Easy, Short, Concise and Fast Java DFS 3 ms solution

  • 267

    For a better view see here

    Key Points:

    1. Generate unique answer once and only once, do not rely on Set.
    2. Do not need preprocess.
    3. Runtime 3 ms.

    We all know how to check a string of parentheses is valid using a stack. Or even simpler use a counter.
    The counter will increase when it is ‘(‘ and decrease when it is ‘)’. Whenever the counter is negative, we have more ‘)’ than ‘(‘ in the prefix.

    To make the prefix valid, we need to remove a ‘)’. The problem is: which one?
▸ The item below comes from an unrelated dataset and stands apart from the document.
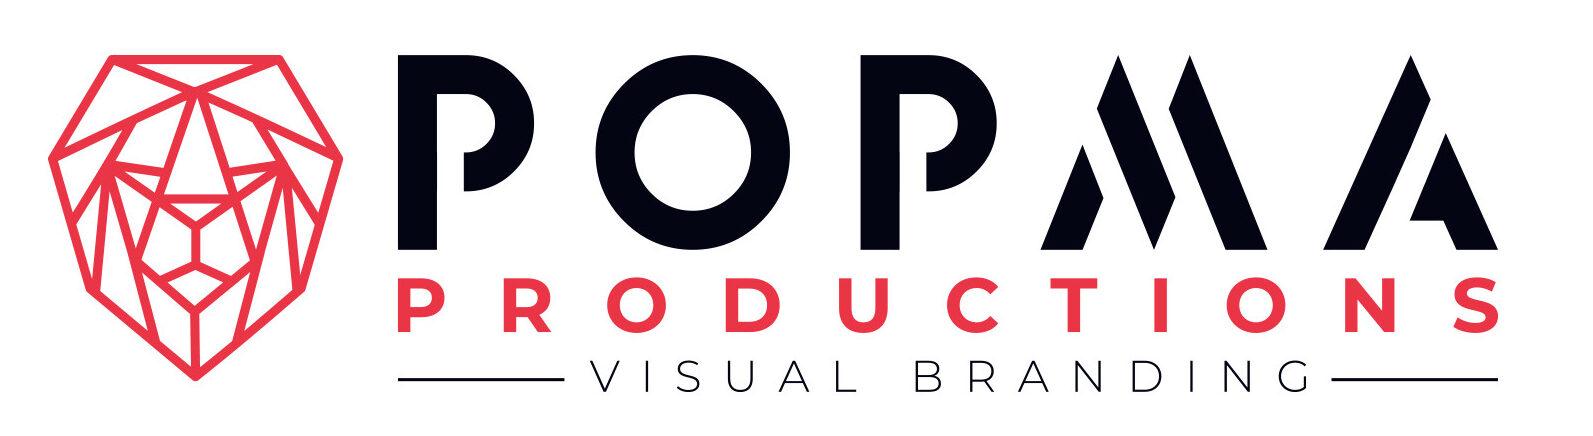 Popma productions logo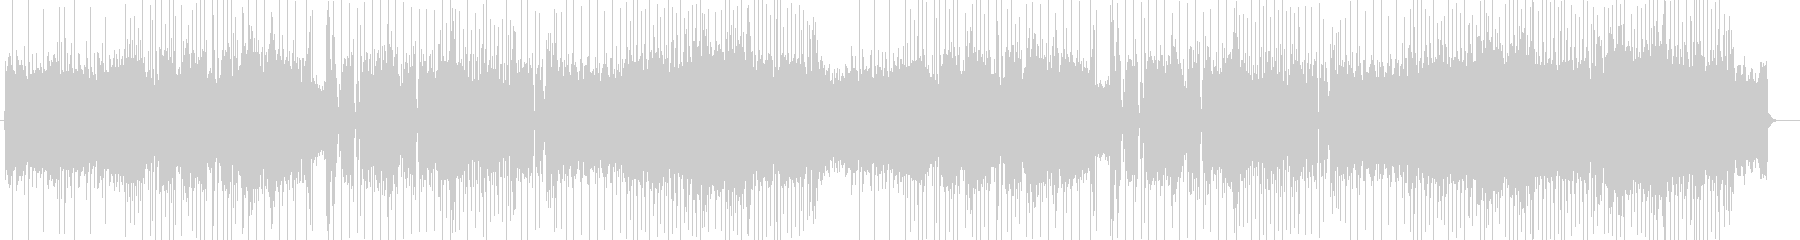 「HR/HM」「ROCK」BGM274の未再生の波形

The answer is any one in the prefix. However, if we remove any one, we will generate duplicate results, for example: s = ()), we can remove s[1] or s[2] but the result is the same (). Thus, we restrict ourself to remove the first ) in a series of concecutive )s.

    After the removal, the prefix is then valid. We then call the function recursively to solve the rest of the string. However, we need to keep another information: the last removal position. If we do not have this position, we will generate duplicate by removing two ‘)’ in two steps only with a different order.
    For this, we keep tracking the last removal position and only remove ‘)’ after that.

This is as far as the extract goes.